Our project uses a few boost 1.48 libraries on several platforms, including Windows, Mac, Android, and IOS.
We are able to consistently get the IOS version of the project to crash (nontrivially but reliably) when using IOS, and
from our investigation we see that ~thread_data_base is being called on the thread's thread_info while its thread is still running.

This seems to happen as a result of the smart pointer reaching a zero count, even though it is obviously still
in scope in the thread_proxy function which creates it and runs the requested function in the thread.
This seems to happen in various cases - the call stack is not identical between crashes, though there are a few
variations which are common.

Just to be clear - this often requires running code which is creating hundreds of threads, though there are
never more than about 30 running simultaneously. I have "been lucky" and got it very very early in the
run also, but that's rare.
I created a version of the destructor which actually catches the code red-handed:

in libs/thread/src/pthread/thread.cpp:

thread_data_base::~thread_data_base()
{
  boost::detail::thread_data_base* const thread_info=detail::get_current_thread_data();
  void *void_thread_info = (void *) thread_info;
  void *void_this = (void *) this;
  // is somebody destructing the thread_data other than its own thread?
  // (remember that its own which should no longer point to it anyway,
  // because of the call to detail::set_current_thread_data(0) in thread_proxy)
  if (void_thread_info) { // == void_this) {
    __builtin_trap();
  }
}

I should note that (as seen from the commented-out code) I had previously checked to see that void_thread_info == void_this because I
was only checking for the case where the thread's current thread_info was killing itself.
I have also seen cases where the value returned by get_current_thread_data is non-zero and
different from "this", which is really weird.

Also when I first wrote that version of the code, I wrote:

if (((void*)thread_info) == ((void*)this))

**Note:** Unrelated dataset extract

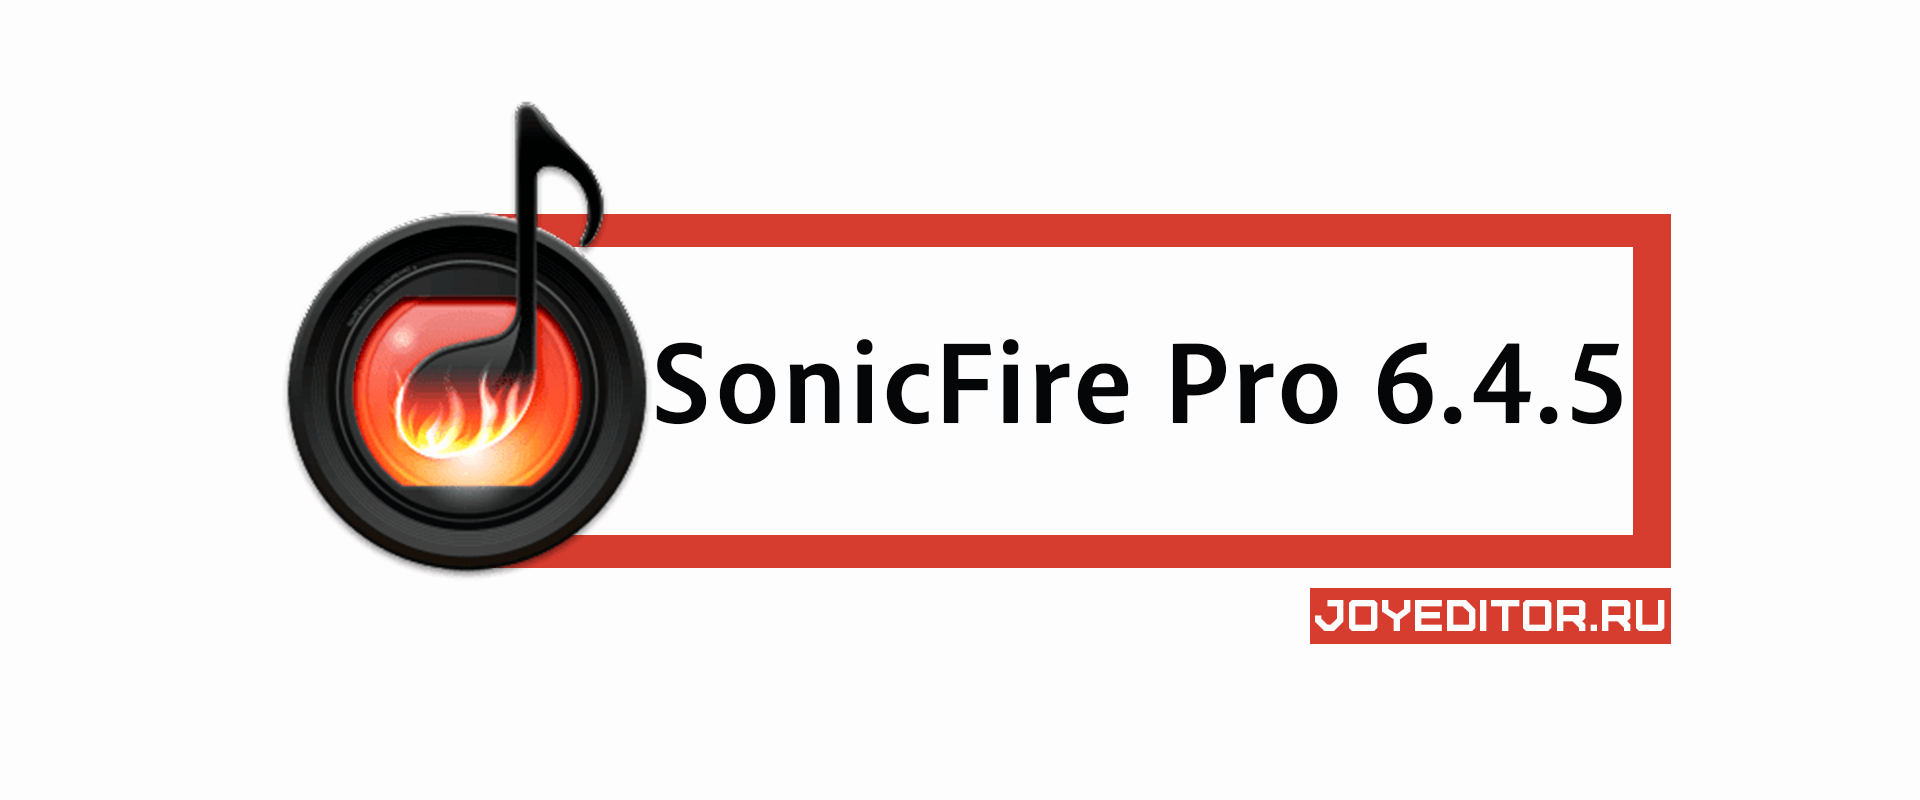 SonicFire Pro 6.4.5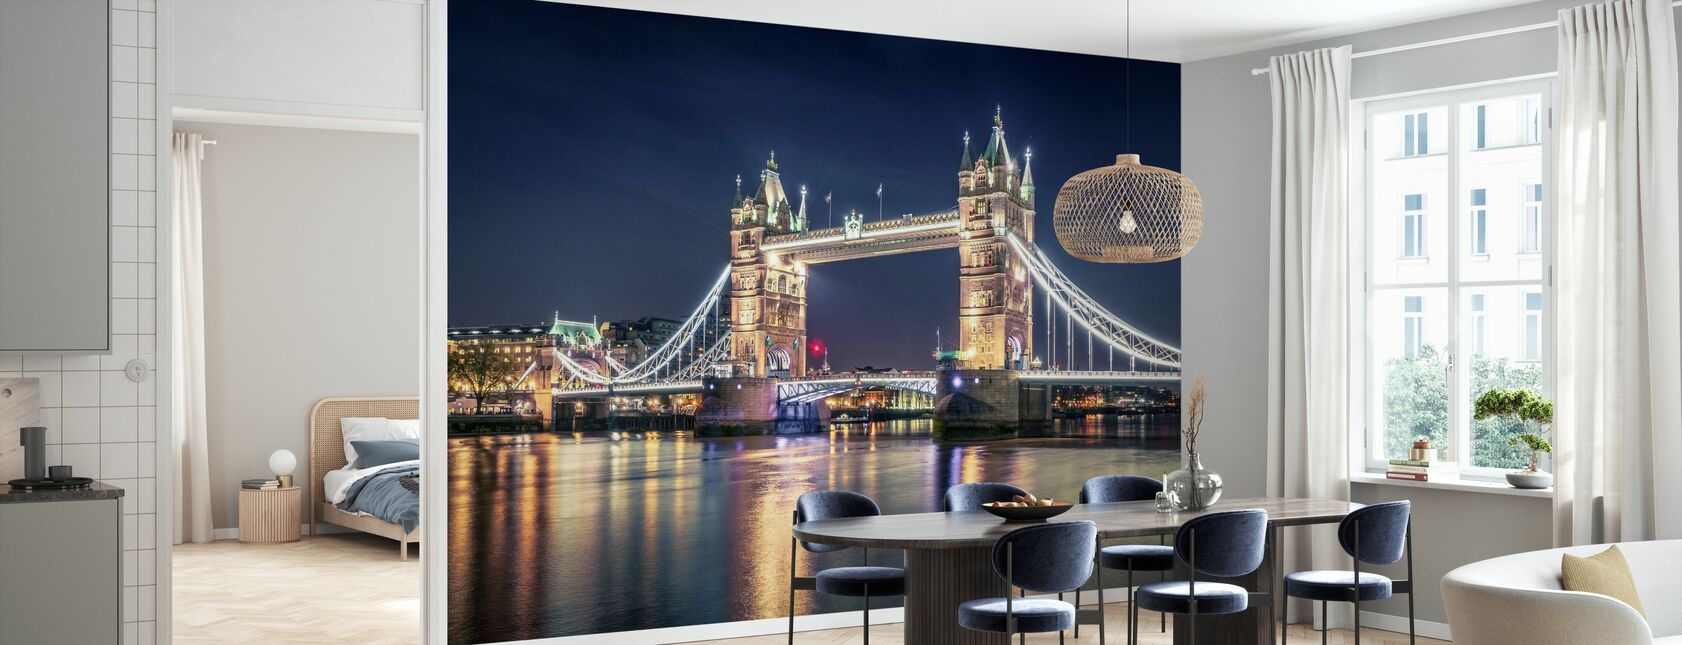 Night at the Tower Bridge - Wallpaper - Kitchen

and at run-time I got some very weird exception that said I something about a virtual function table
or something like that - I don't remember. I decided that it was trying to call "==" for this object type
and was unhappy with that, so I rewrote as above, putting the conversions to void * as separate
lines of code. That in itself is quite suspicious to me. I am not one to run to rush to blame compilers, but...

I should also note that when we did catch this happening the trap, we saw the destructor for
~shared_count appear twice consecutively on the stack in Xcode source. Very doubleweird.
We tried to look at the disassembly, but couldn't make much out of it.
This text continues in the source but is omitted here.